>
Kelimlerin yetersiz kaldığı, ne diyeceğini, nereye gideceğini, elini nereye koyamayacağını bilemediğin anlar..Yolların uzadığı 10 dakikalık yolun 10 saat olduğu, 2 saatlik yolun 2 yıl gibi geçtiği anlar. Gidip bulamayacağını bildiğin, bir daha göremeyeceğini bilip de buna başkaldırmaya çalıştığın, yakınlarına ne diyeceğinin kafanda sürekli provasını yapıp o anda kilitlendiğin anlar..ÖLÜM.
Sen nasıl birşeysin ey ölüm, bu kadar mı ezer geçersin?

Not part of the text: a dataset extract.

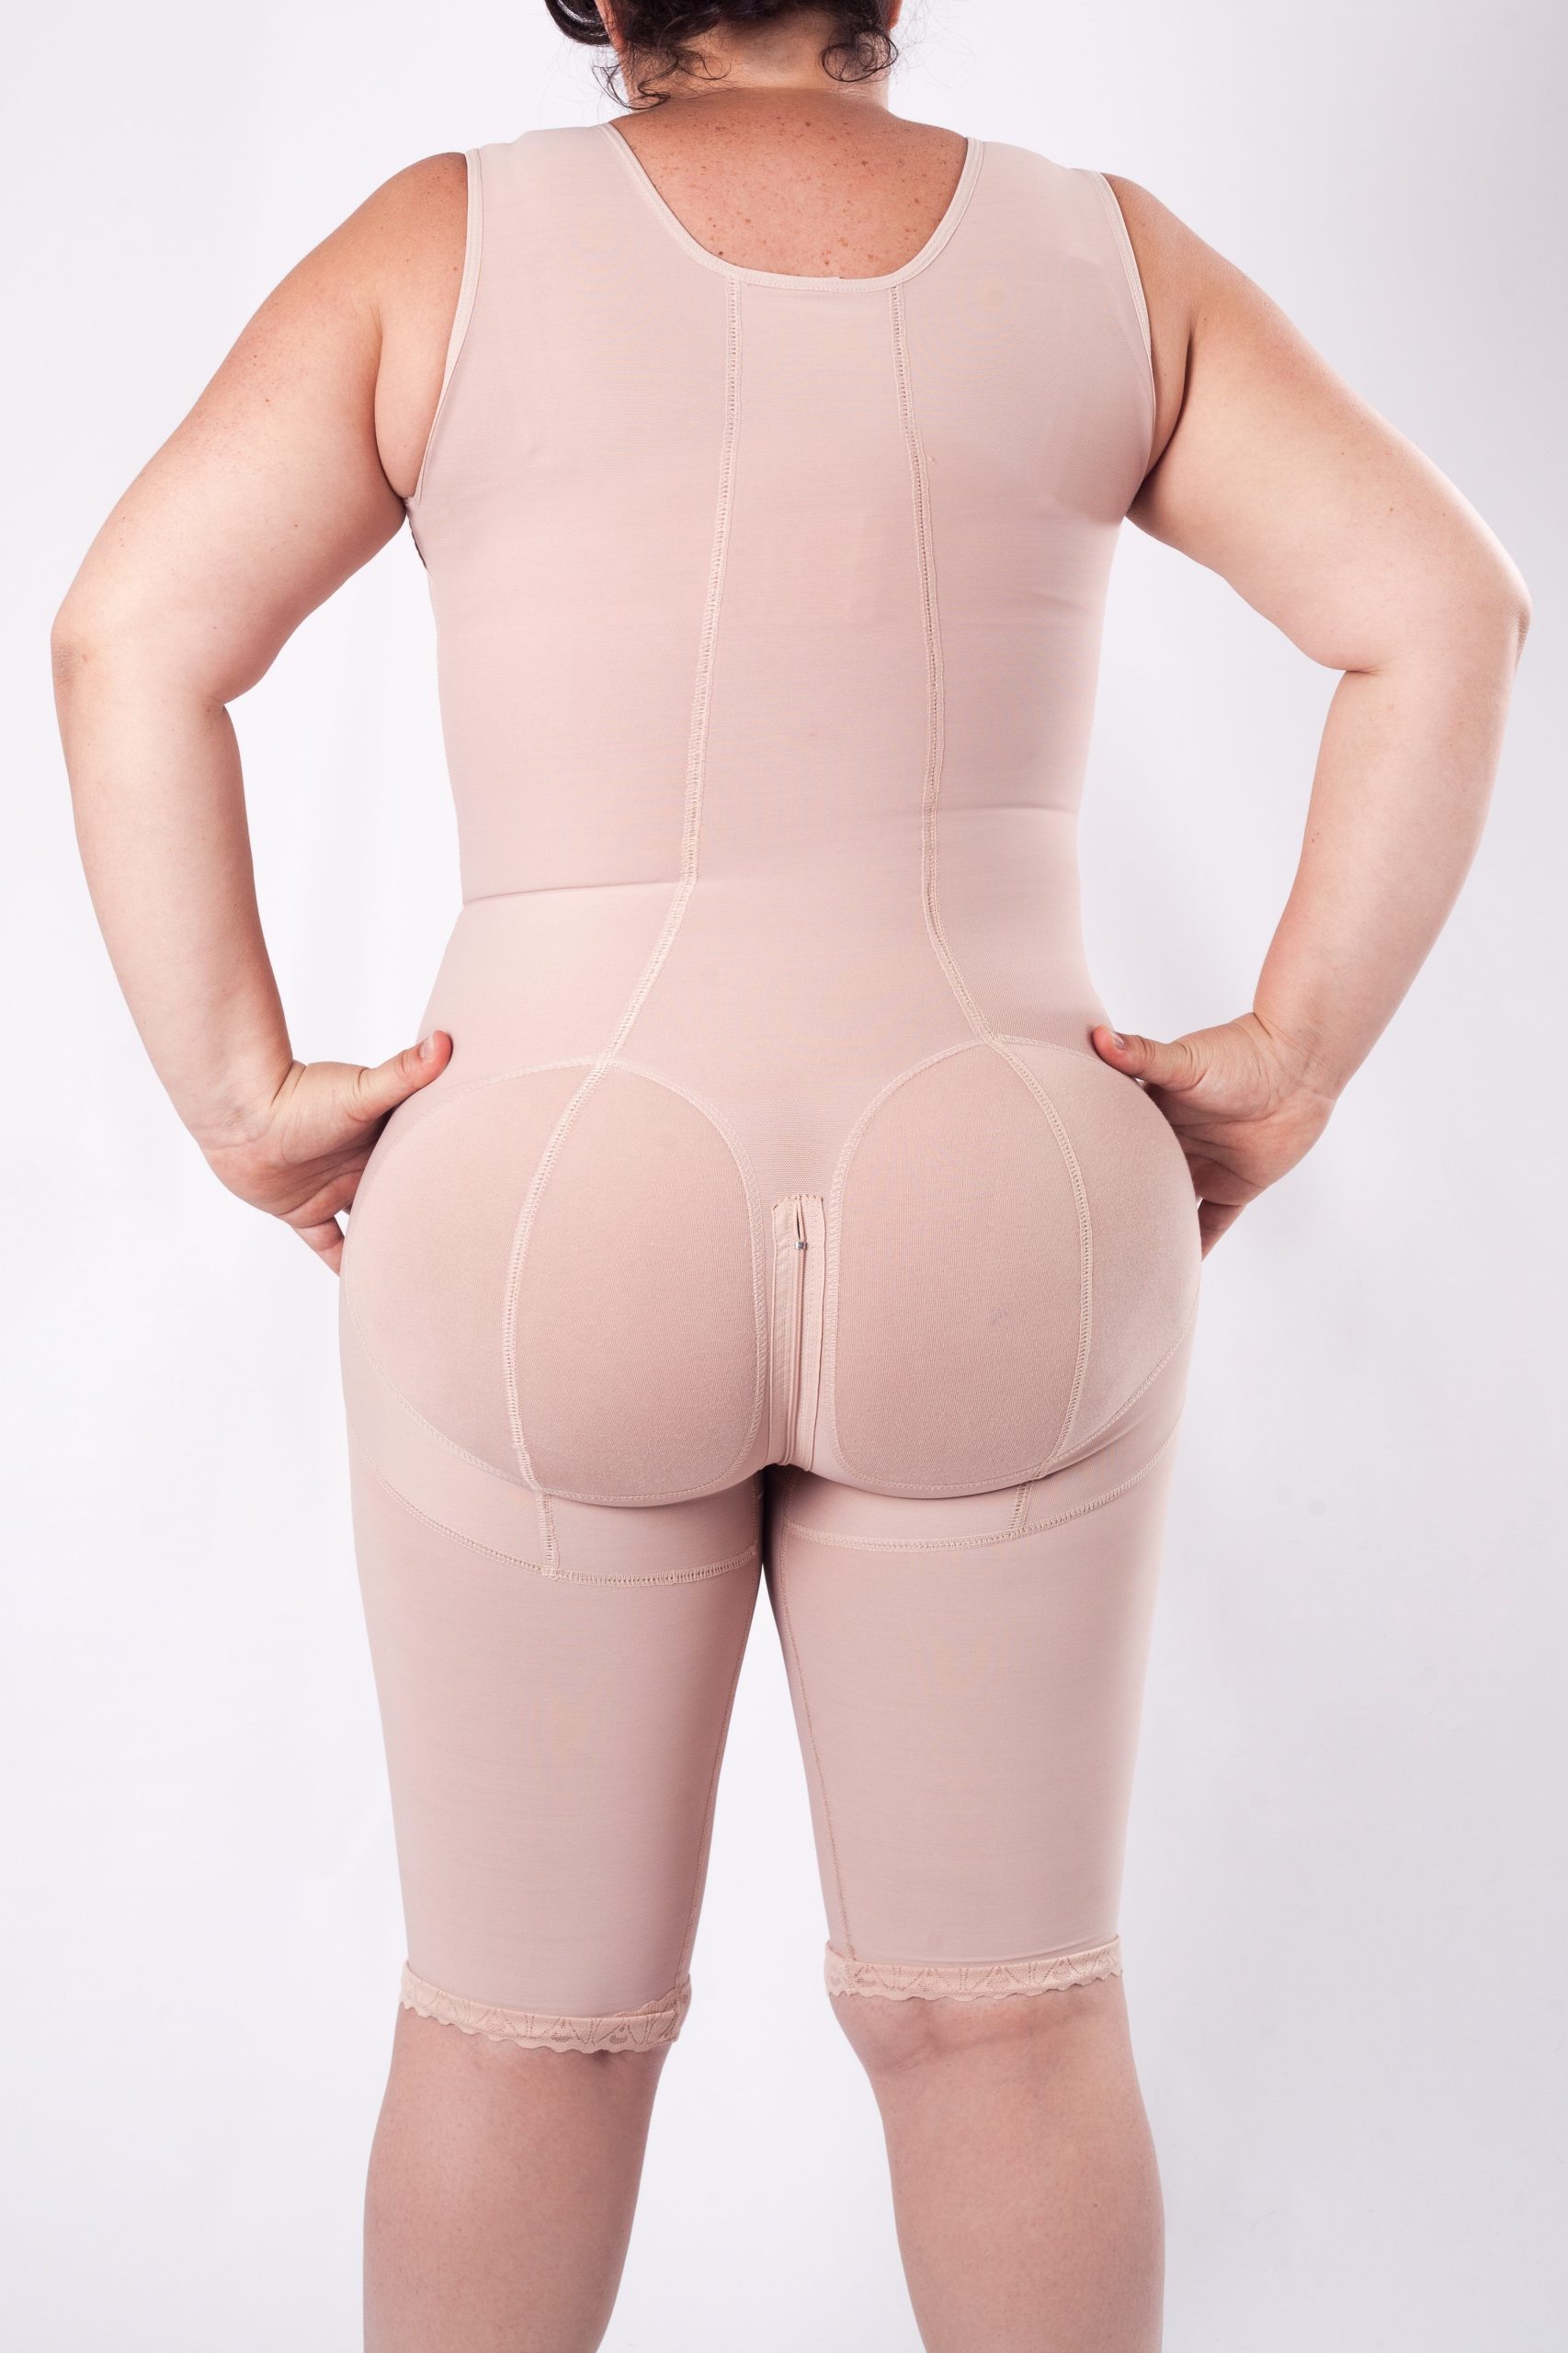 Best Shapewear for Post-Surgical Body Shaper - HELLO FASHION

Akşam hangi filme gidelim diye düşünüyordum, o arada da eşimden telefon bekliyordum. Eğitimi bitince kaçta bulaşacağız diye arayacaktı. Saat 15:00 de arayınca erken bittiğini ve buluşmamızı öne alacağımızı düşündüm. Telefonda sesi kötüydü, Volkan dedi…Volkan trafik kazası geçirmiş..Eee hangi hastanede gidelim diyecem, ona yakışan ancak tek tük kırık…Eğitimi yarıda kestim dedi, niye ki? Volkan ölmüş. Volkan, bizim Volkan, eğitim odasında dedikodularımızla kahkahalara boğulduğumuz, gençlik anılarımızı anlatıp eğlendiğimiz, kızlarımızın gösterilerini beraber alkışladığımız bizim Volkan, 37 yaşındaki Volkan….Yok ya şaka bu, kalkınca sabah kahvaltıda anlatacağım bir rüya…Volkan’ı ölmüş gördüm rüyamda hay allah… ömrü uzamış..diyeceğim kötü bir rüya olmalı bu.
Ama Bolu’ya doğru giderken yolda hiç de rüya olmadığını anladım. Kalbim sıkışıyordu, çalan telefonlar, doğru mu diye arayanlar, sessiz çığlıklar atıyordum içimden. Gerede’ye gelince iyice yaklaştık Volkan’a, dar geldi o yollar, nefret ettim Gerede’den.
Sonra Volkan önde, biz arkada döndük, Acıbadem morguna. Nasıl hikaye? Mercedesle giden Volkan ambulansla döndü.
Kul kurar kader yıkarmış, ne hayaller kuruyordu kim bilir…
Nur içinde yat arkadaşım.
>üffff yaaaa…. ne denir ki… :(
>Allah rahmet eylesin, mekanı cennet olsun.